Abstract

Advanced regeneration, in the form of tree seedlings and saplings, is critical for ensuring long-term viability and resilience of forest ecosystems in the eastern United States. Lack of regeneration and/or compositional mismatch between regeneration and canopy layers, called regeneration debt, can lead to shifts in forest composition, structure, and in extreme cases, forest loss. Here we examined status and trends in regeneration across 39 national parks from Virginia to Maine, spanning 12 years to apply the regeneration debt concept. We further refined the concept by adding new metrics and classifying results into easily interpreted categories adapted from the literature: imminent failure, probable failure, insecure, and secure. We then used model selection to determine the potential drivers most influencing patterns of regeneration debt. Status and trends indicated widespread regeneration debt in eastern national parks, with 27 of 39 parks classified as imminent or probable failure. Deer browse impact was consistently the strongest predictor of regeneration abundance. The most pervasive component of regeneration debt observed across parks was a sapling bottleneck, characterized by critically low sapling density of native canopy species and significant declines in native canopy sapling basal area or density for most parks. Regeneration mismatches also threaten forest resilience in many parks, where native canopy seedlings and saplings were outnumbered by native subcanopy species, particularly species that are less palatable deer browse. The devastating impact of emerald ash borer eliminating ash as a native canopy tree also drove regeneration mismatches in many parks that contain abundant ash regeneration, demonstrating the vulnerability of forests that lack diverse understories to invasive pests and pathogens.
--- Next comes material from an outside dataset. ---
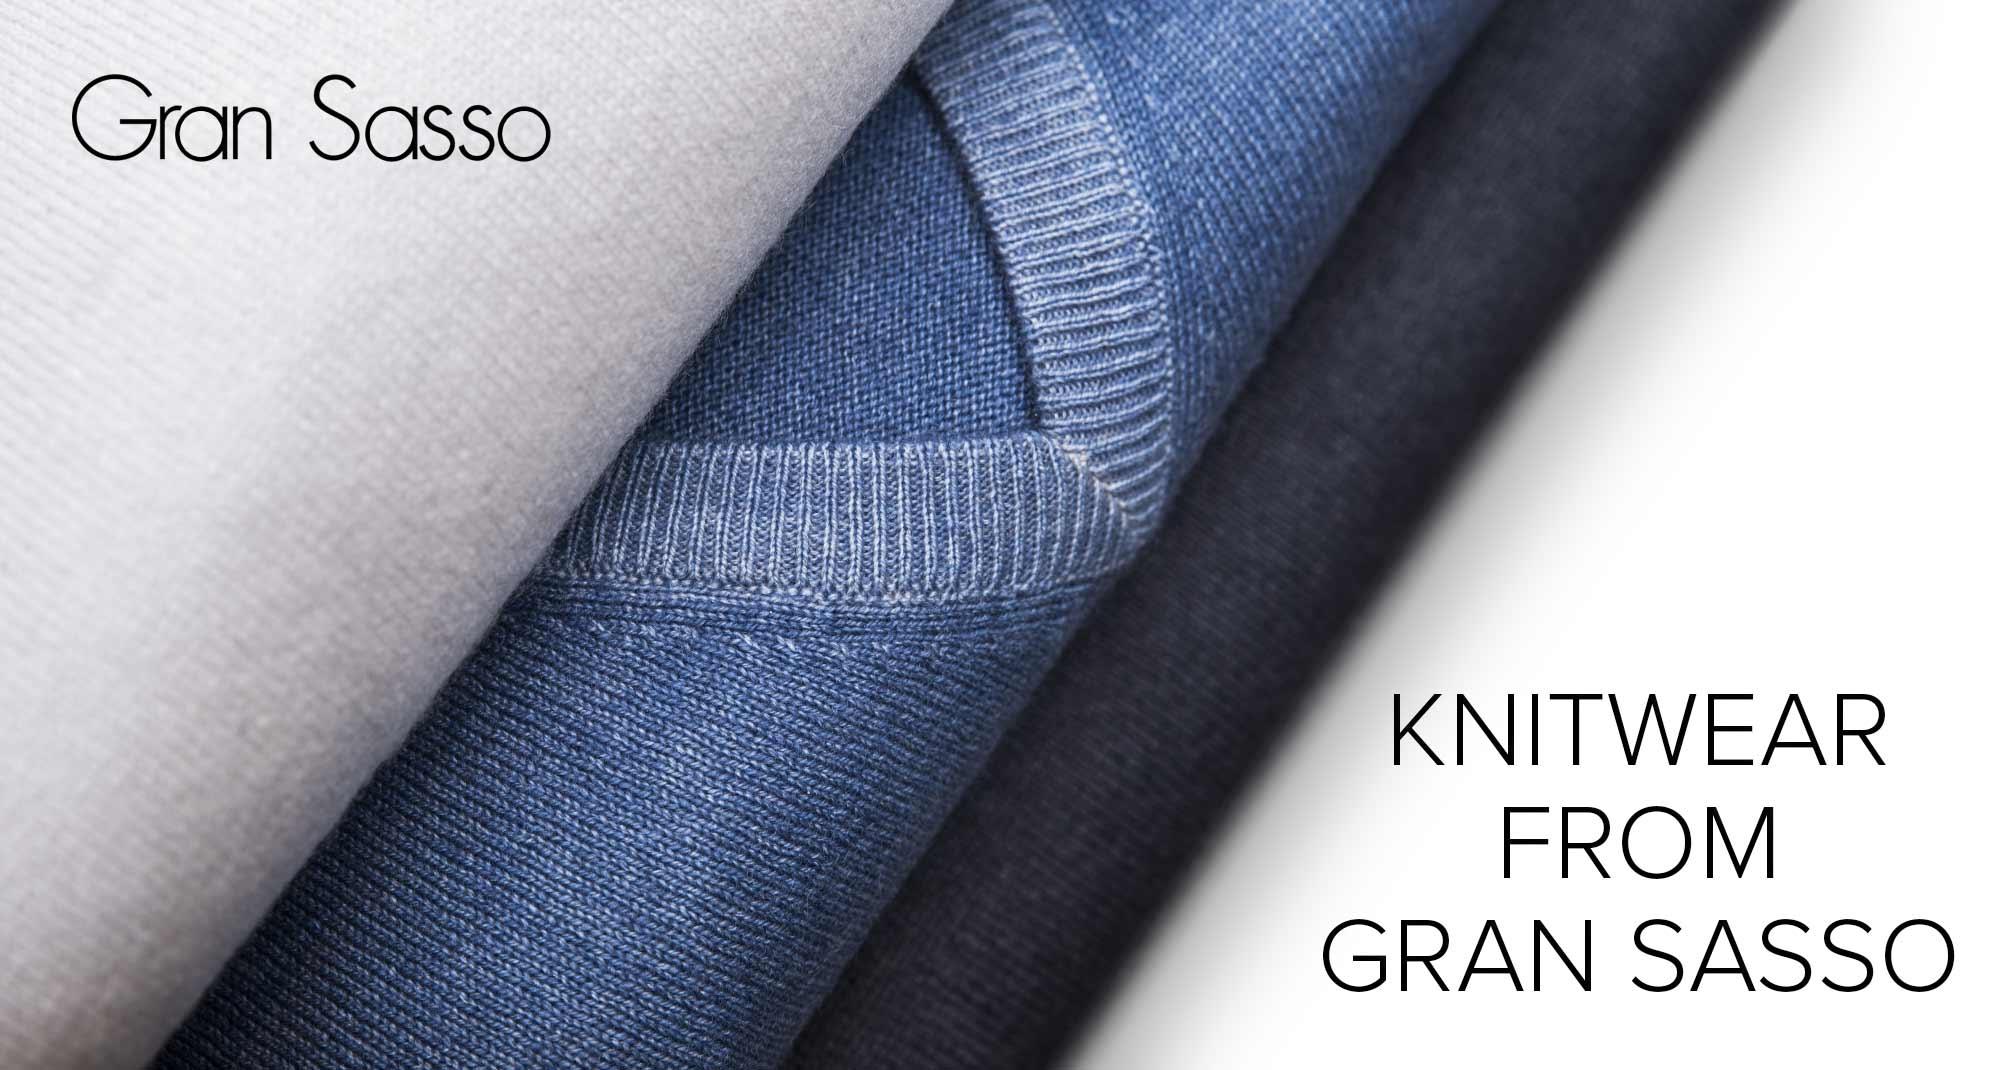 Gran Sasso Knitwear

These findings underscore the critical importance of an integrated forest management approach that promotes an abundant and diverse regeneration layer. In most cases, this can only be achieved through long-term (i.e. multi-decadal) management of white-tailed deer and invasive plants. Small-scale disturbances that increase structural complexity may also promote regeneration where stress from deer and invasive plants is minimal. Without immediate and sustained management intervention, the forest loss we are already observing may become a widespread pattern in eastern national parks and the broader region.